[DRBD-user] strange drbd bug

Lars Ellenberg lars.ellenberg at linbit.com
Tue Oct 14 17:08:52 CEST 2014

Note: "permalinks" may not be as permanent as we would like,
direct links of old sources may well be a few messages off.

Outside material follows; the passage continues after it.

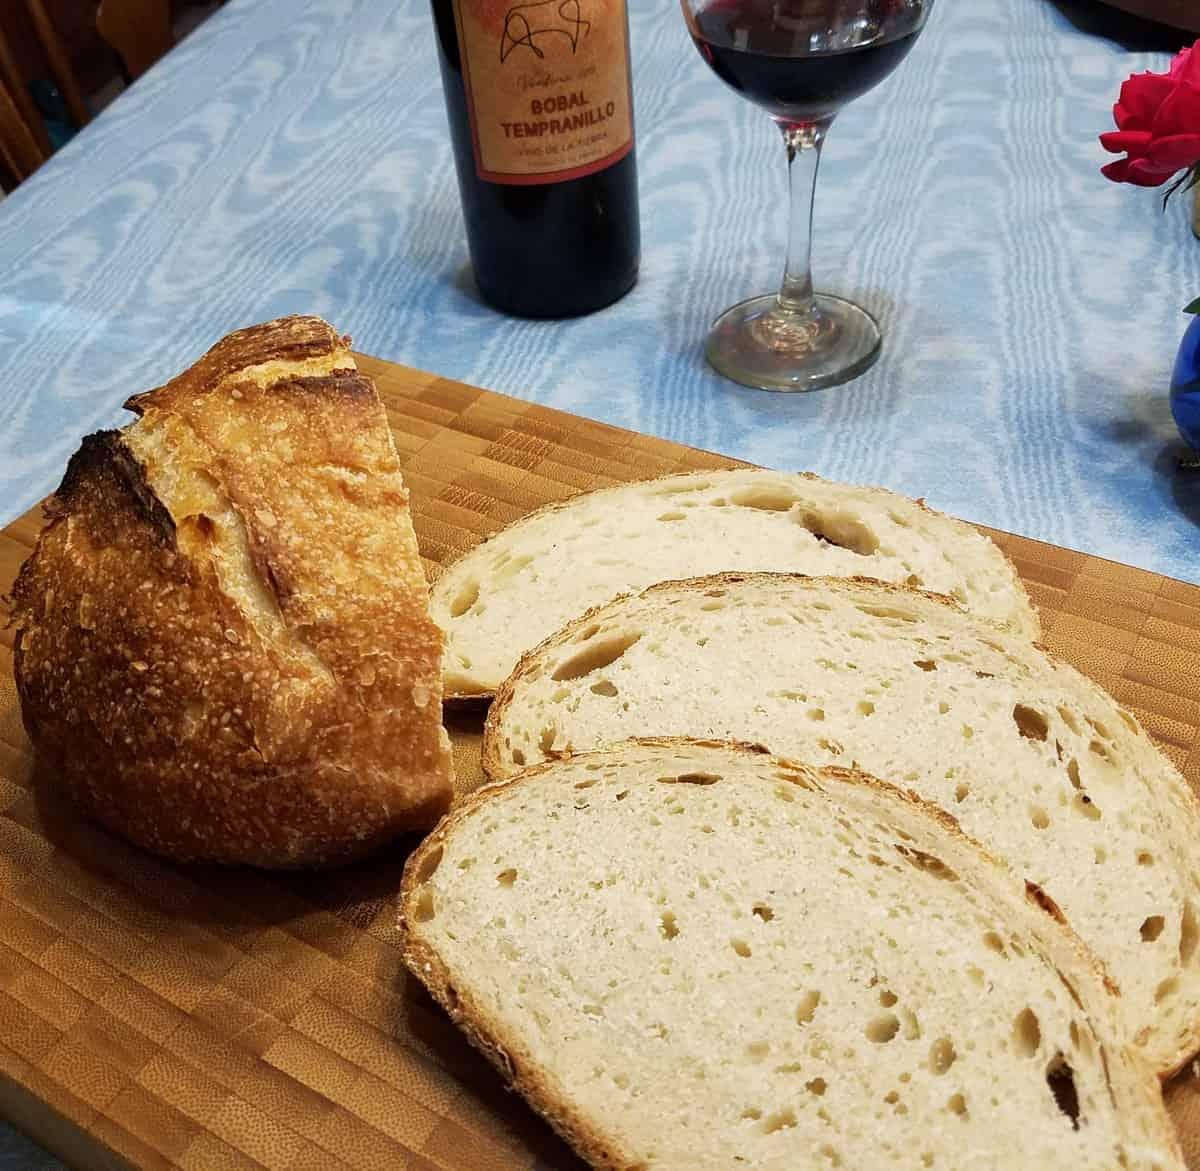 Tangy Sourdough Bread

On Tue, Oct 14, 2014 at 03:27:56PM +0200, Matteo Tescione wrote:
> Hi all,
> 
> after almost 1 month I noticed the following strange BUG:

exact DRBD version?
in tree, out of tree?
kernel? patches applied? which ones?

DRBD Configuration and IO stack?
What do you do to trigger it?
How easy can you reproduce?
Logs leading up to this?

The stack traces look unusual.
You happen to try to trick DRBD into doing something it cannot do?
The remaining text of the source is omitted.